Reaching Out Toward Risk and Glory

Daniel Boone Escorting Settlers through the Cumberland Gap, an 1851 oil painting by George Caleb Bingham. Bingham’s art was especially influential in crafting and spreading popular myths about American national identity in the era of westward expansion.

Daniel Boone Escorting Settlers through the Cumberland Gap, an 1851 oil painting by George Caleb Bingham. Bingham’s art was especially influential in crafting and spreading popular myths about American national identity in the era of westward expansion.


Daniel Boone was a “long hunter.”

Every Fall, he’d leave his home and family in North Carolina and roam the woods for 2 or 3 months to collect buckskins and beaver pelts, and he was good at it.

Daniel’s reputation as a tracker, hunter, and trapper spread, and a few wealthy landowners asked him for help.

They wanted more land, and the Appalachian mountains were a problem. The mountains stood in the way of beautiful rolling meadows and fertile soil in central Kentucky.

Daniel had no formal education, but no one knew the woods better. They asked Daniel to find a way to Kentucky. A passable gap in the mountains.

It was a dangerous ask.

No American settler knew what was beyond the mountains. Maybe beasts. Impassable terrain. American Indians.

Daniel was in his mid-30s, with a wife, Rebecca, and five children. Taking the job meant leaving them behind for a year. Maybe two. Maybe forever.

It wasn’t even a sure bet that a pass existed. But with Rebecca’s blessing, Daniel said yes.

And he did it.

Daniel found The Cumberland Gap, a pass in the Appalachian mountains where hundreds of thousands of settlers would eventually travel to move Westward.

Daniel went on to live a life filled with more adventure. But the decision that made him an icon was saying yes to a long-shot job that required courage and sacrifice.

And finding the Cumberland Gap.

"In his mid-thirties a man either reaches out towards risk and glory or stays within the routines of the expected and ordinary. It is the age when men leave safe homes and jobs and go on voyages and odysseys and perform transforming sacrifices. It’s the age when Walt Whitman wrote ‘Leaves of Grass’ and Columbus started planning his voyage to the Indies. It’s an age at which visionaries become prophets, or explorers, or inventors, or make fools of themselves trying."

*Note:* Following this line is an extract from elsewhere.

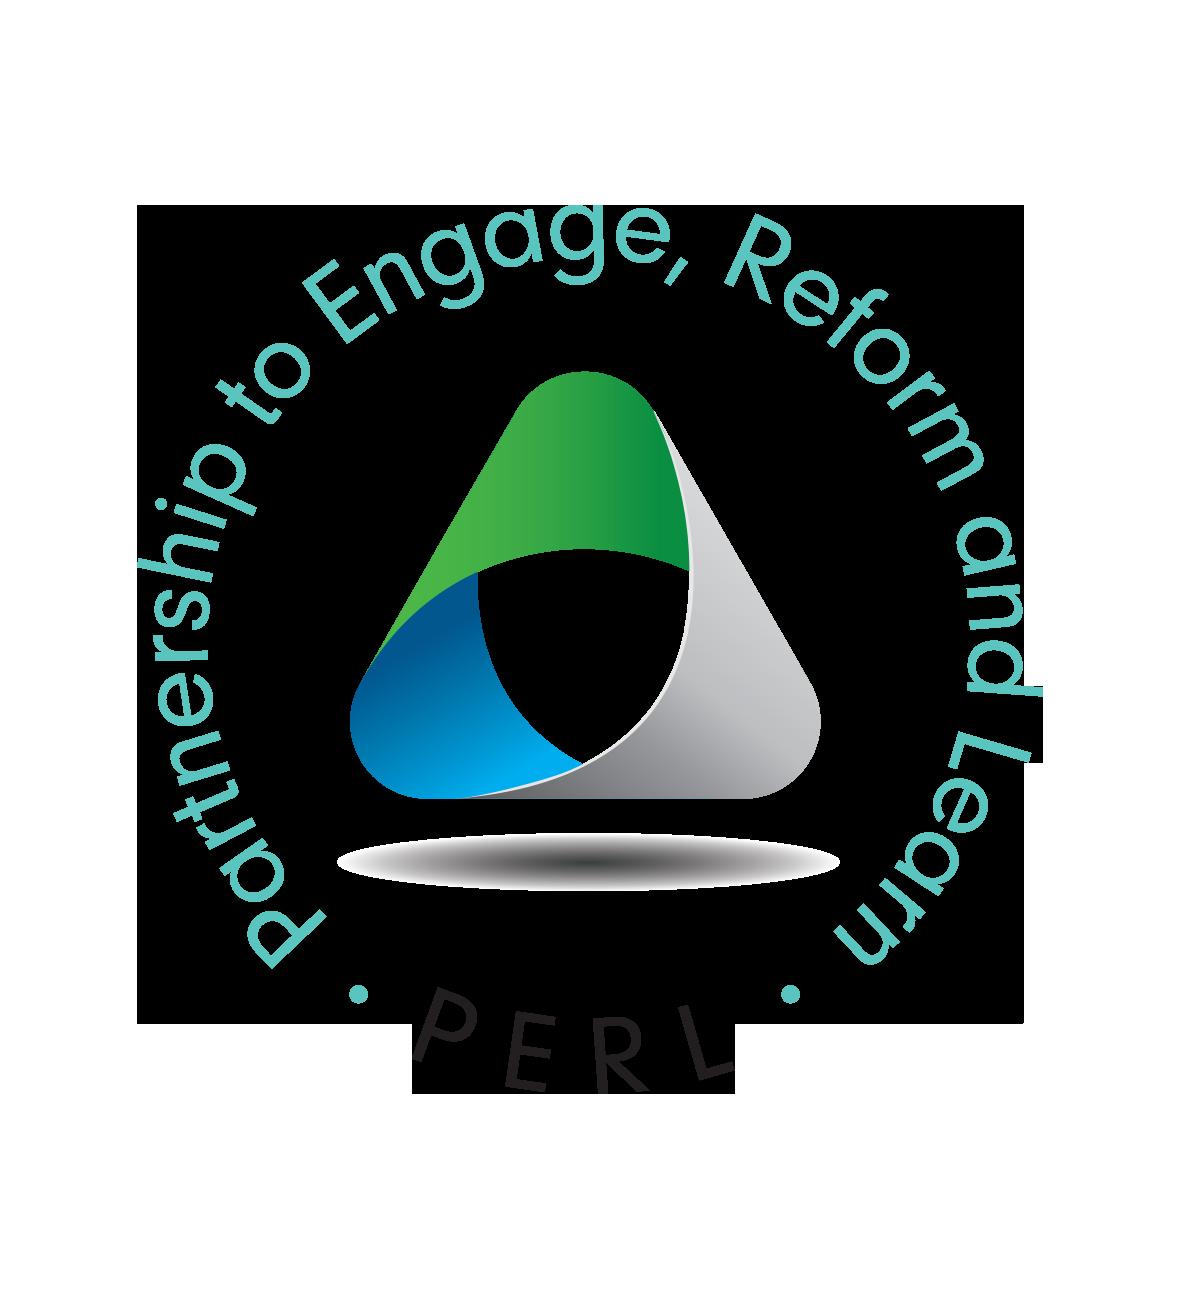 PERL logo white.png

- Boone: A Biography, by Robert Morgan, 2007

There’s nothing wrong with staying within the routines of the expected and ordinary. When we reach out toward risk and glory, we may make fools of ourselves. We should feel confident the potential glory is worth the risk.

Sometimes, it is.

Where we are now is based on the decisions we made 5-10 years ago.

Where we’ll be in 5-10 years is based on the decisions we make now.

Expected and ordinary can be noble. But reaching out toward risk and glory is the only way to find The Cumberland Gap.